De met bronsbeslagen poorten die torenhoog uitreken en bewapend waren met ijzeren pinnen sloegen bij bevel open. Het waren de paleispoorten. Sire Blueshark ging voorop, normaal gesproken – vond hij – moest Lord Darklion eerst gaan maar die liep nogal erg opzichtig achter het gevolg aan met zijn hoofd over zijn schouders met zijn neus naar de grond. Wat bezielde zijn vriend en strijdmakker toch? Zou hij de gedachten van Blueshark al gelezen hebben of wat? Plotseling ontwaakte hij uit zijn trans, zijn hand reikte weer aan het gevest van zijn massieve zwaard. Hij zette een rustige draf in voor Darkside. De deuren sloegen direct na zijn aankomst dicht. Het voorportaal van het paleis was maar somber bedacht Darklion zich. Hij knikte blij naar zijn gevolg en zwaaide zoals gewoonlijk hen uit toen ze zich weer gingen begeven naar hun wachtposten. Hij was helemaal geen slechte leider, hij was niet brut maar vriendelijk daarom was hij misschien wel de nobelste van allen. Hij streelde Darkside terwijl hij de stallen bereikte. De stallen waren enorm lang en groot, namelijk de hele paleiswacht moest een paard hebben om Darklion’ s massieve gespierde benen te kunnen volgen. Darklion escorteerde zijn favoriete paard en vriend naar een box ingelegd met goud en diamanten waar hij de rest van de dag heerlijk kon vertoeven in de schaduw en van het malse stro dat hem werd voorgeschoteld. Natrok, een zwarte herdershond, kwam vanuit zijn hondenhok dat meer op een kapel leek naar Darklion toe. Darklion hoorde een bekend geluid en keek om, zijn zwarte herdershond keek hem recht in de ogen en blafte op nog geen meter afstand. Darklion hield van dieren, zeker van dieren die vriendelijk voor hem waren en van dieren die hem zo dien nodig konden redden of beschermen in oorlogstijd, nu dus.

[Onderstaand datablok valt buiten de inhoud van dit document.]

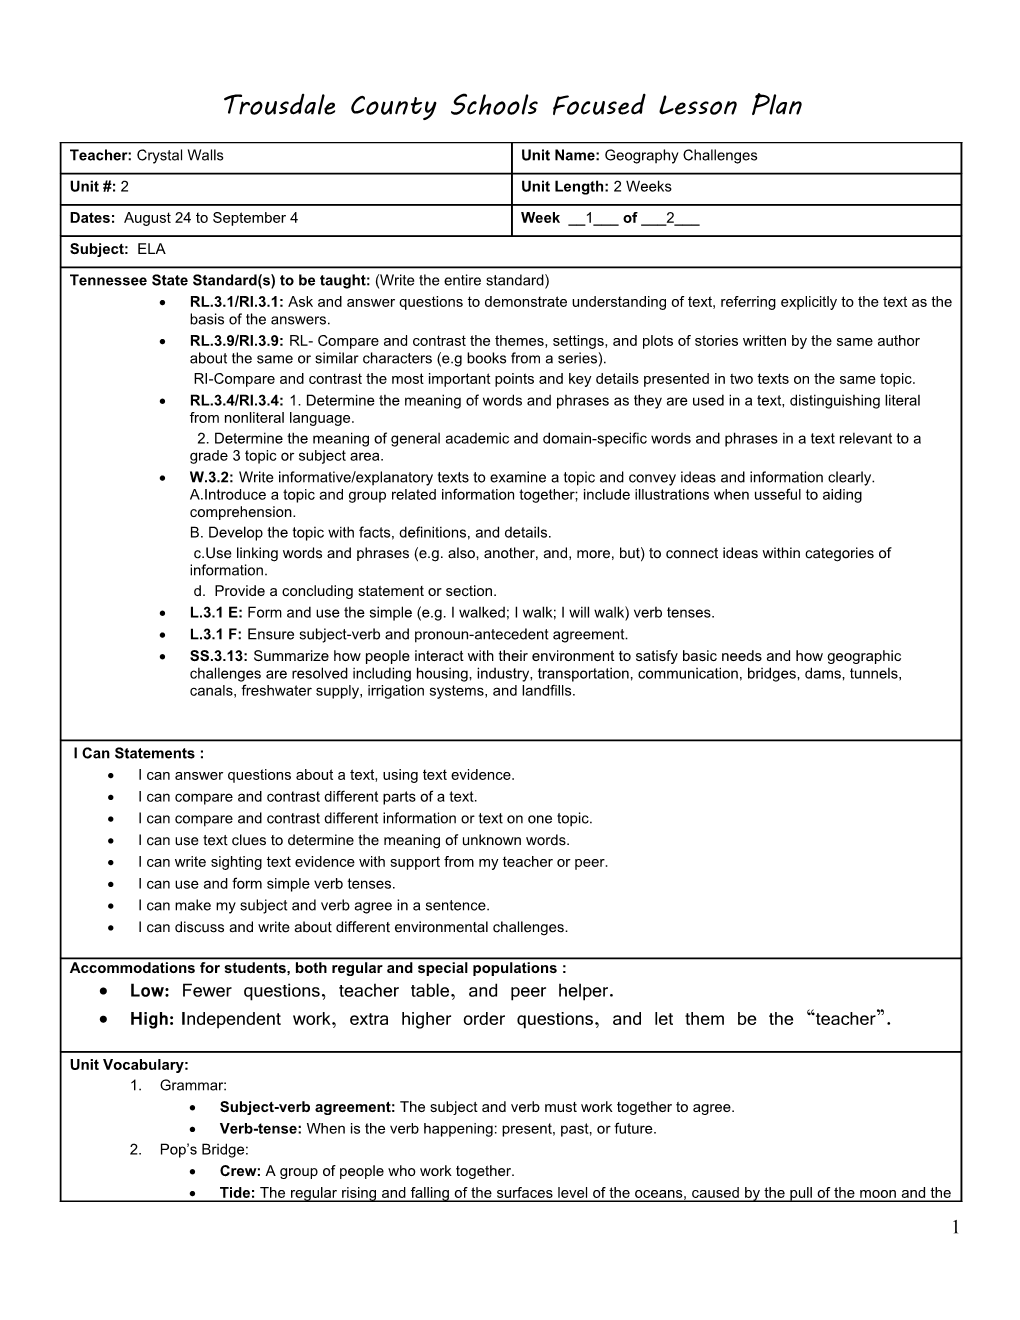 Lesson Plan Template s37

Hij gebaarde de wolfachtige herder hem te volgen en hij liep naar de marmeren treden van het voorportaal waarna hij de grote deuren opende en al direct in de hoofdzaal terecht kwam, de plaats waar hij eerder die week met diplomaten had vergaderd. Blueshark had al plaats genomen aan de eerste stoel, links van de kop van de tafel. Zijn broodmeszwaard goed vast, een gewoonte die hij nooit had verleerd. Darklion ging naast hem zitten aan de kop van tafel, na uren lang geen woord gewisseld te hebben kwam Darklion tot de orde.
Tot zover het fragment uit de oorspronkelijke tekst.